I’ll start with commenting on what the various names for text analytics are.  In the data science world, it is referenced to as Natural Language Processing (NLP).  In more traditional contexts it is referred to as text mining.  For the purposes of this chapter, I’ll refer to it as NLP as the term is easier to reference 😊

When hearing about NLP, many people think it is this extremely complex topic that has to either be vended out (companies that offer this service will certainly tell you that) or done by data scientists.  In the HR space, this is particularly true given the lack of advanced analytics skillsets that organization has traditionally had.  I’m here to tell you actually executing the basics of NLP are incredibly easy!  So easy it’s a bit scary how little you actually would need to understand what is occurring on the backend to use it.  At its core, a basic NLP approach is to take a word or string of words from your text-based data and turn them into columns.  While there are nuances that need to be considered, requiring some knowledge of what the algorithm is doing, much of the complexity is abstracted away by the algorithm.  If you're looking for your faith to be restored in humanity, the people who own and contribute to open source projects like sklearn are a good place to start.  The hard work people put into these open source projects makes the lives of people trying to utilize concepts like NLP significantly easier.

#### About the data for this chapter
Luckily there are a few HR specific text-based data sources online to pick from for this chapter.  While I was able to get away with generating a dataset for the turnover prediction model chapter, I wouldn’t have been able to do the same for a text-based dataset.  While an employee engagement survey would have been the ideal type of text-based dataset, [Kaggle has a dataset containing job posting information]( https://www.kaggle.com/shivamb/real-or-fake-fake-jobposting-prediction).  While you may not have a direct use case in your role pertaining to job postings, this dataset will provide use an HR focused example to run the NLP techniques on.

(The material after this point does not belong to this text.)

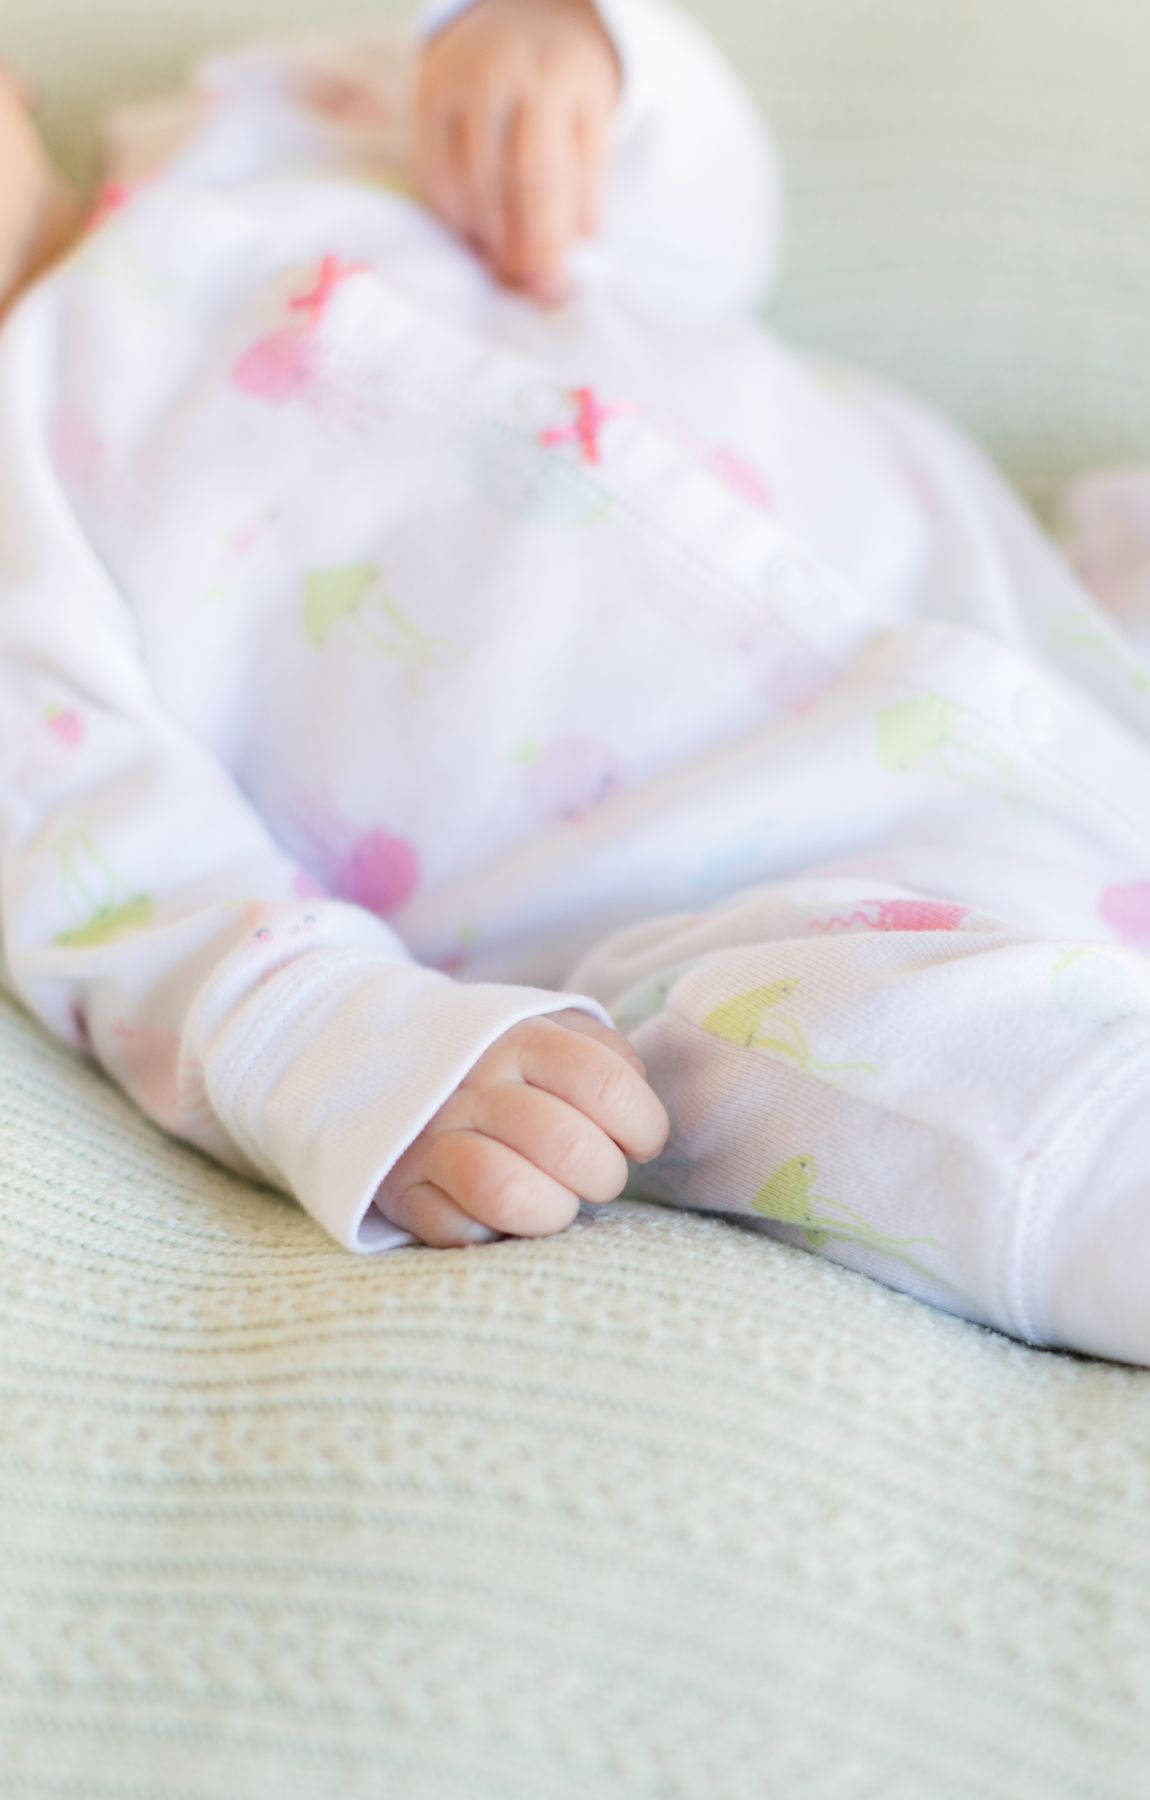 Baby Hand Peacefully Sleeping Wallpaper

#### Objective with this data
The use case for this chapter will be to categorize the various job postings into similar postings using a topic model.

#### Outline of chapter
1. We’ll briefly discuss when you need to clean your data beforehand and when you can simply let the algorithm take care of it.

2. Vectorizing our data, or splitting our data into the various columns.  This is the “core” of the NLP process we will utilize.  This section has the most parameter exploration, as the vectorization process is where we have the most options to adjust our process.

3. Examining our output and understanding what it means.

4. How can we utilize our output?  We can leave it as is and put it into an existing model or analysis, or we can leverage a topic model.

5. Topic model approaches and concept explanation.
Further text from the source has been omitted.